Official: Full rural hospital a warning to rest of N. Texas

FORT WORTH STAR-TELEGRAM

A small rural hospital about an hour west of Fort Worth reached capacity in its ICU and COVID-19 units, with so many patients that employees were transferring some to higher-volume facilities to free up beds.

It served as an urgent warning to North Texas residents that, without a flattening of the curve, more facilities of its size — and the larger facilities receiving their patients — could become full.

Palo Pinto General Hospital in Mineral Wells hit the limit in its ICU and COVID units Tuesday afternoon, CEO Ross Korkmas said in a post on the hospital’s Facebook page. There are eight beds in the ICU, with six of them dedicated to the most severe COVID patients, according to Megan Hudson, the hospital’s public information officer. The COVID unit has 13 beds.

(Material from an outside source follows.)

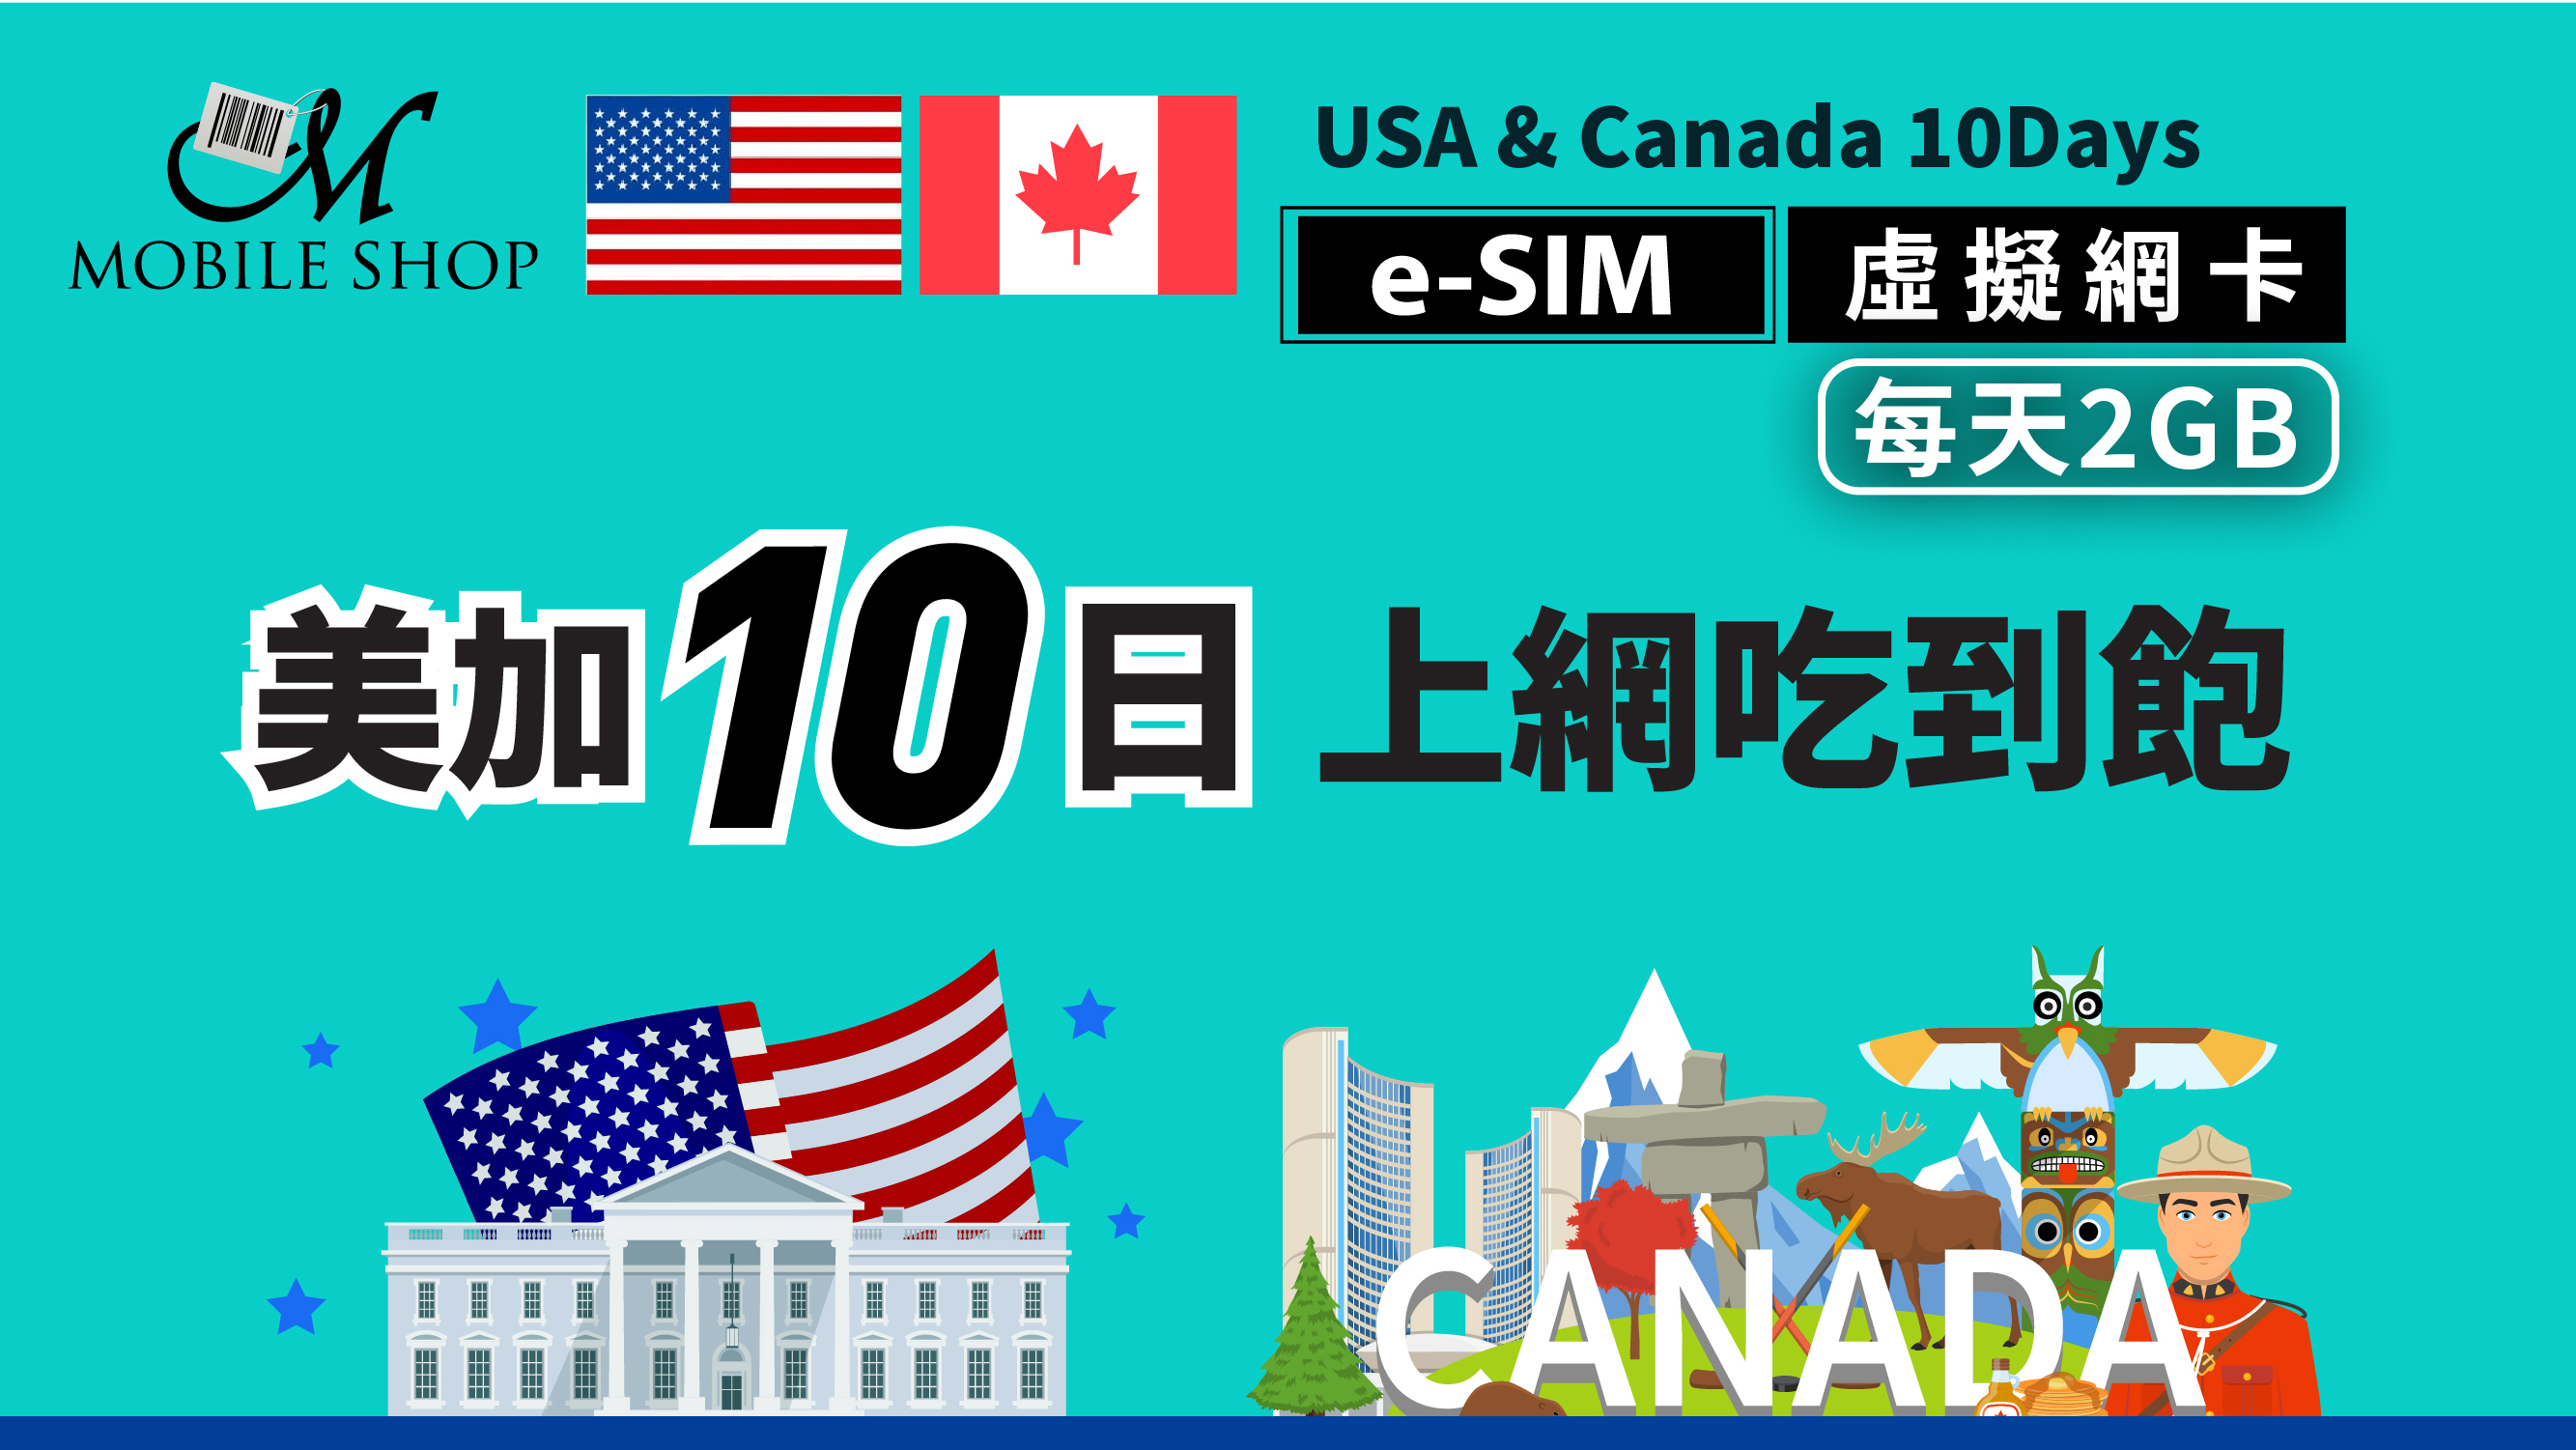 e-SIM_U.S./Canada 10 days/2GB per day unlimited data

Korkmas expects there to be a spike after Thanksgiving and Black Friday, which could push healthcare systems across North Texas to their limits.

“I think we would be dangerously close to being overrun, and not just for our hospital but other hospitals in the metroplex and in neighboring rural towns,” Korkmas said.

The situation is “more fragile than people think,” he added. “We need everybody to do their part and start thinking of themselves as being on the frontlines in this fight.”